- Born: Dorothy Jo Bosch December 30, 1940 Connecticut, U.S.
- Died: October 27, 2025 (age 84) East Hampton, Connecticut, U.S.
- Spouse: Deane Keller
- Relatives: Deane Keller (father-in-law)

= Dorothy Bosch Keller =

American arts educator

Dorothy Jo Bosch Keller (December 30, 1940 – October 27, 2025) was an American art history professor and archaeologist, based in Connecticut. She taught at the University of Saint Joseph in Connecticut from 1967 to 2021.

==Early life and education==
Bosch was from Terryville, Connecticut, the daughter of Joseph J. Bosch (who died in 1944) and Catherine Dorothy Roskosky Bosch. She graduated from the University of Hartford in 1962, and earned a master's degree in education in 1963. Later in life she earned another master's degree in religious studies, in 1985, from the University of Saint Joseph.

==Career==
Keller was a professor of art history at the University of Saint Joseph from 1967 to 2021, when she retired with emerita status; she was chair of the fine arts and performing arts department. She worked on archaeological digs in the Middle East and in Africa. In 1995, she accidentally discovered a mortuary temple in Egypt dating to 1290 BC. She led tours as a docent at several museums, including the Metropolitan Museum of Art.

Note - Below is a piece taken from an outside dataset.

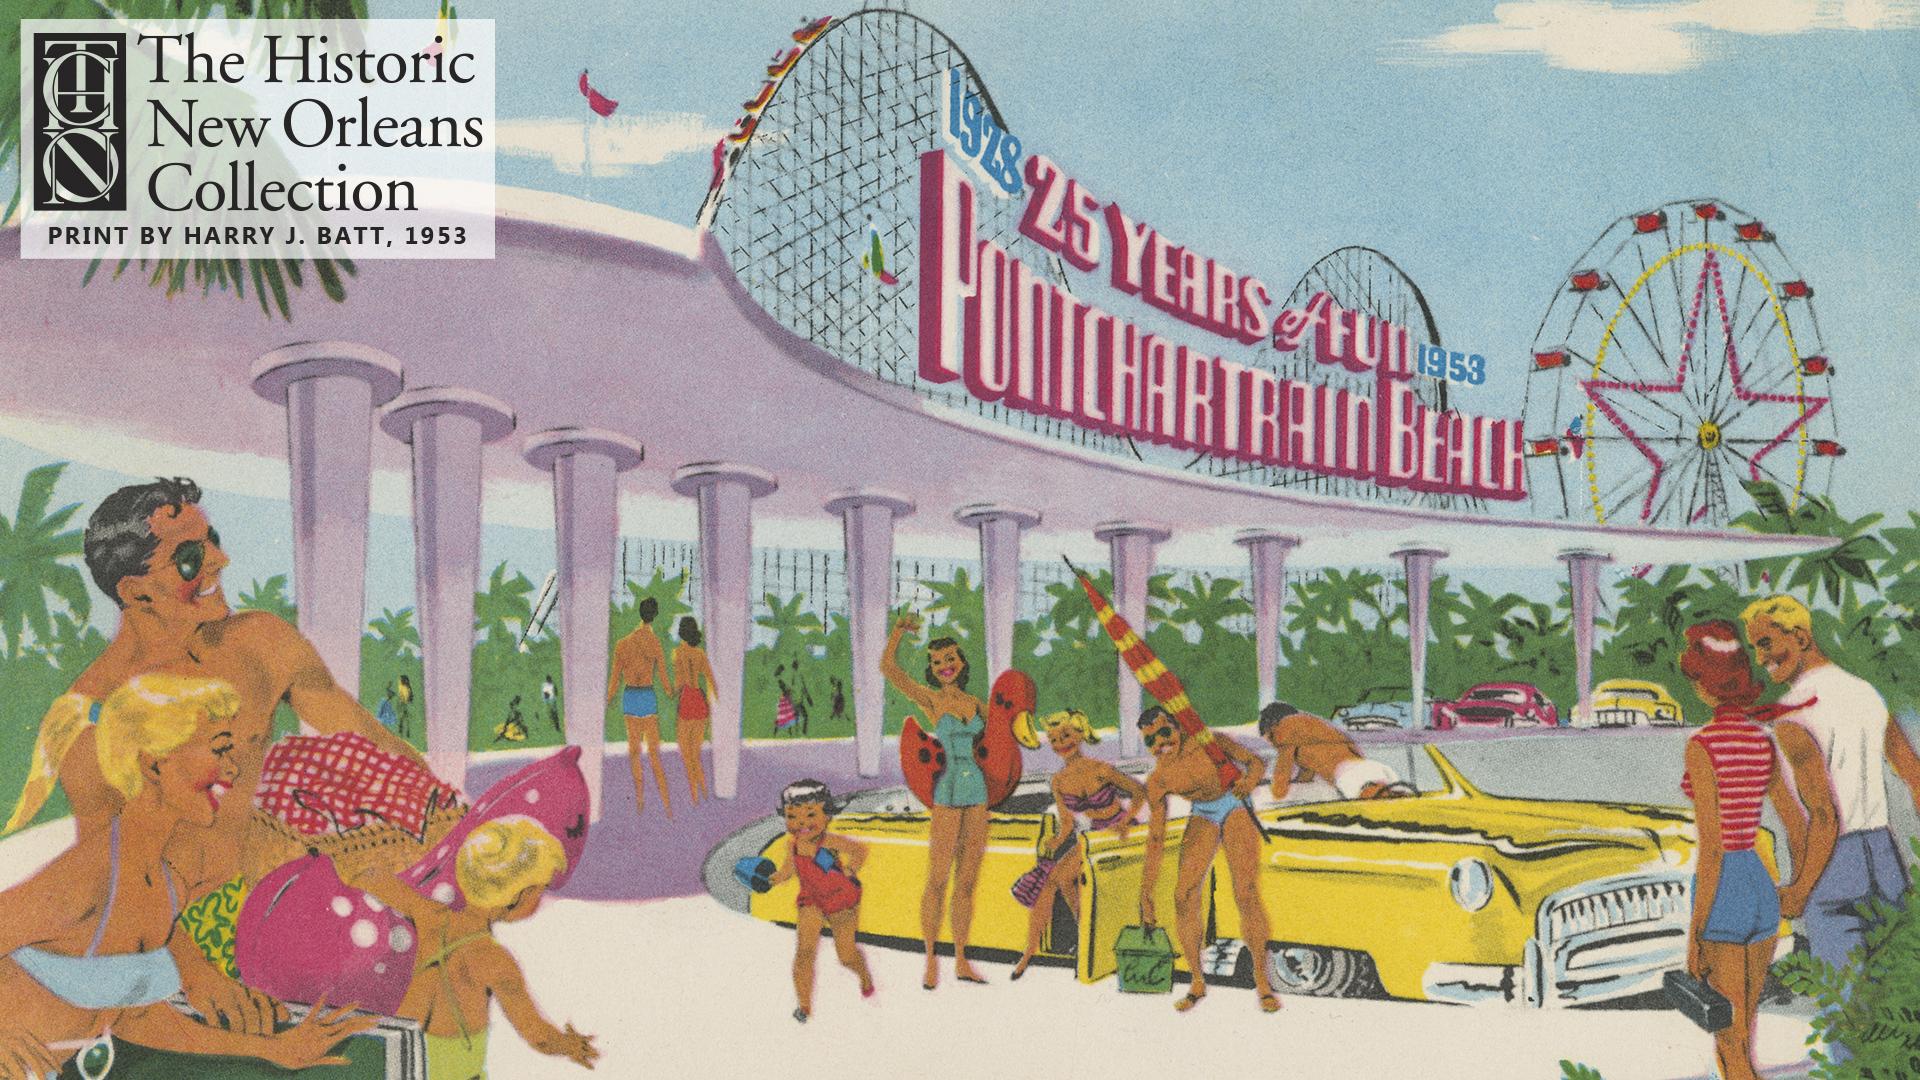 Pontchartrain Beach: 25 Years of Fun
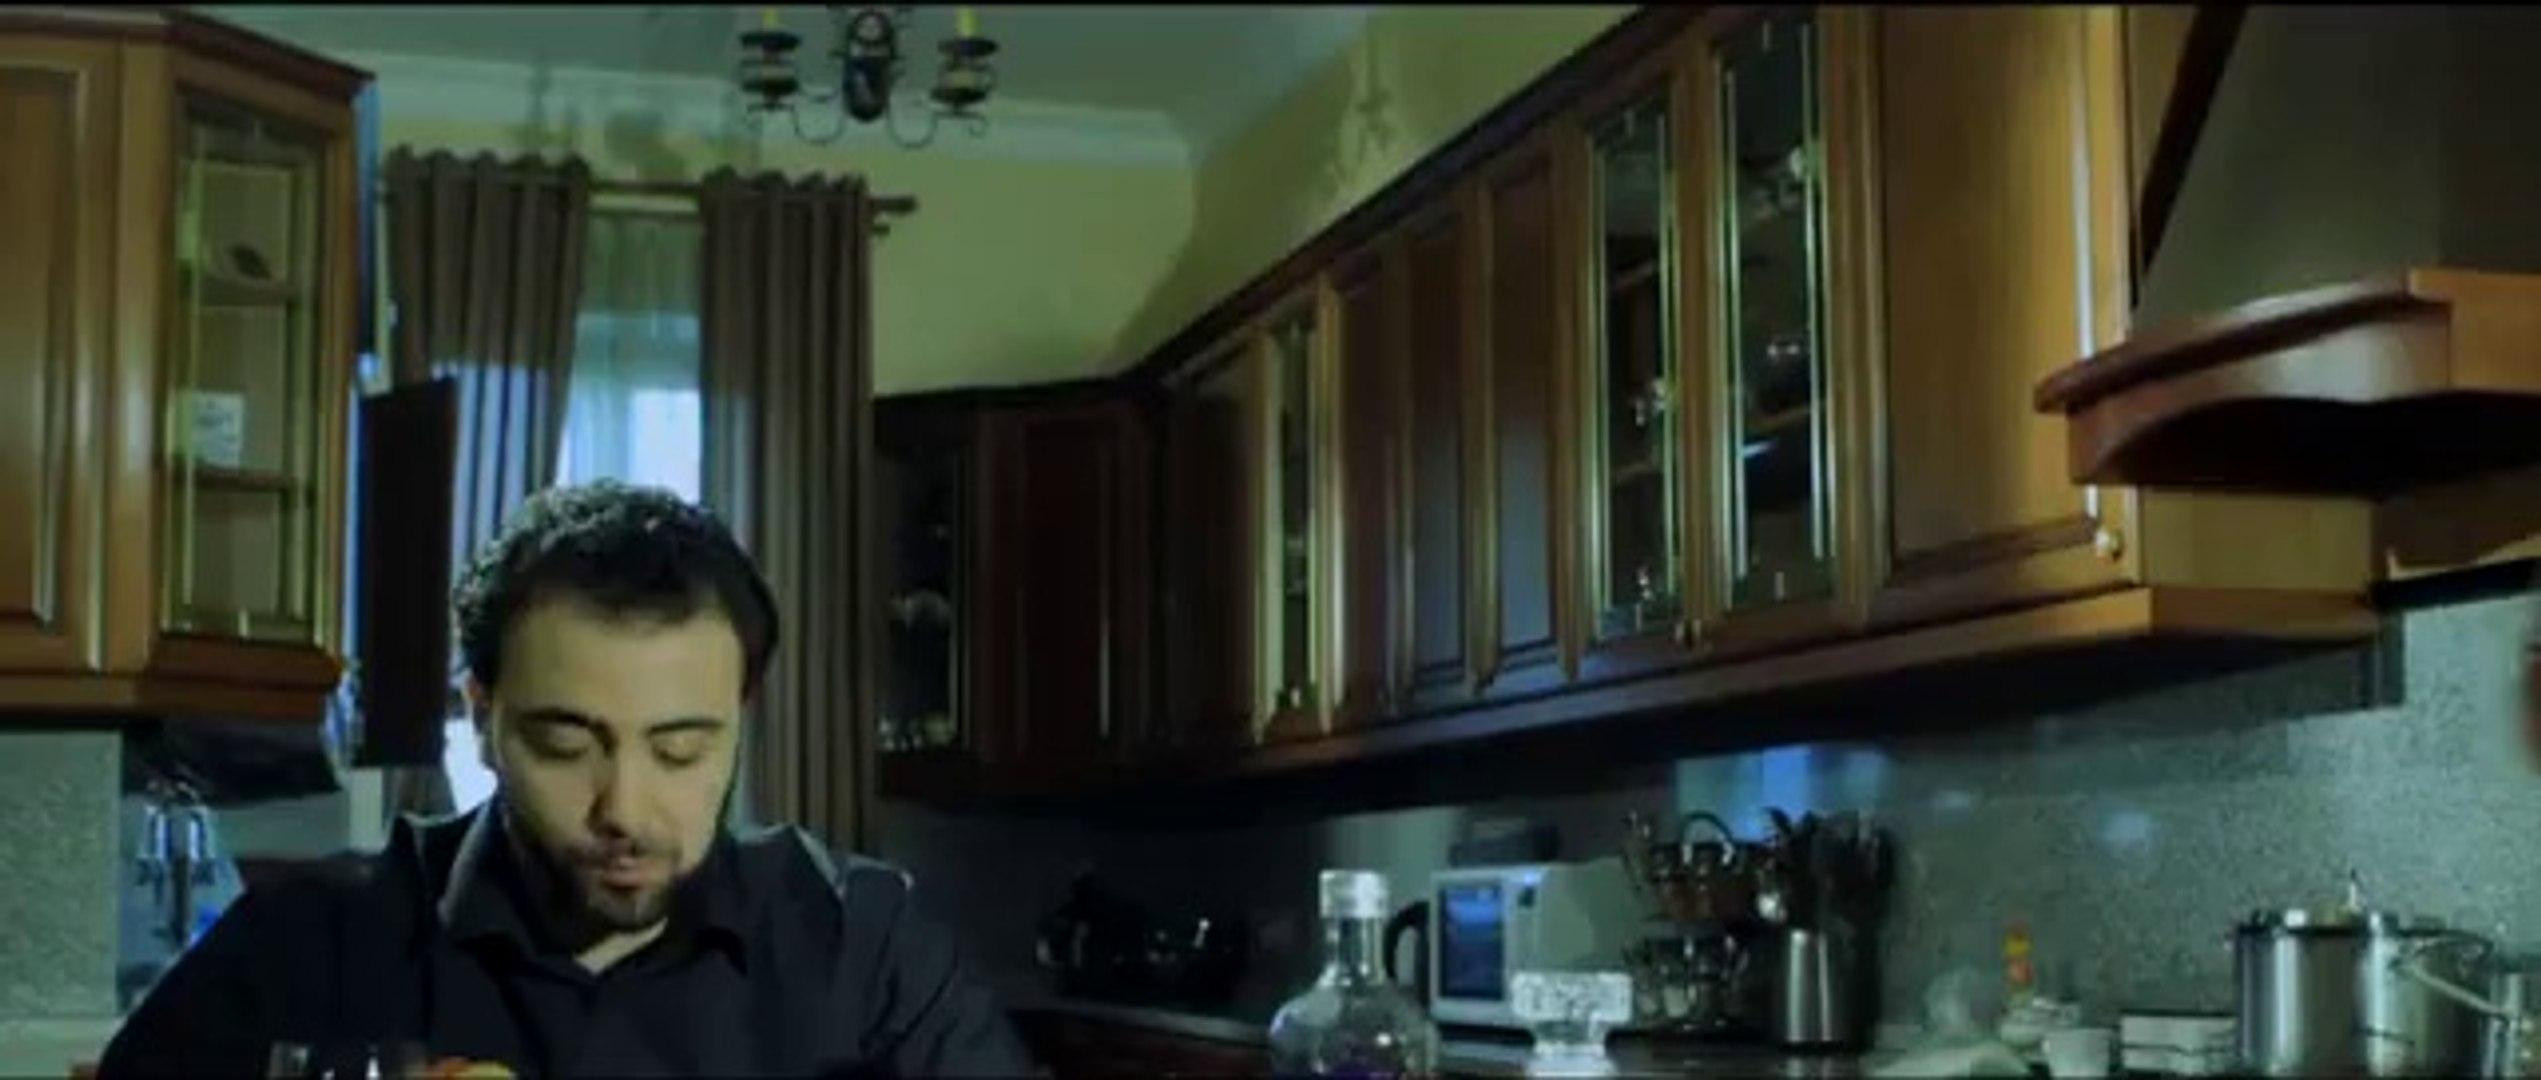 Смотреть онлайн армянский сериал Xaghic durs_10

Keller was active in the Wadsworth Atheneum, and in 1984 became an Elector of the museum. She also served on the board of the Hartford Preservation Alliance and as an appointed member of the Marlborough Conservation Commission. She was a member of the Albert Morgan Archeological Society, and made archaeological digs near her home in Marlborough, Connecticut. She lectured to community groups about art education, archaeology, architecture, and art history.

==Personal life==
Bosh married artist Deane G. Keller in 1969. He died in 2005, and she died in 2025, at the age of 84, in East Hampton, Connecticut.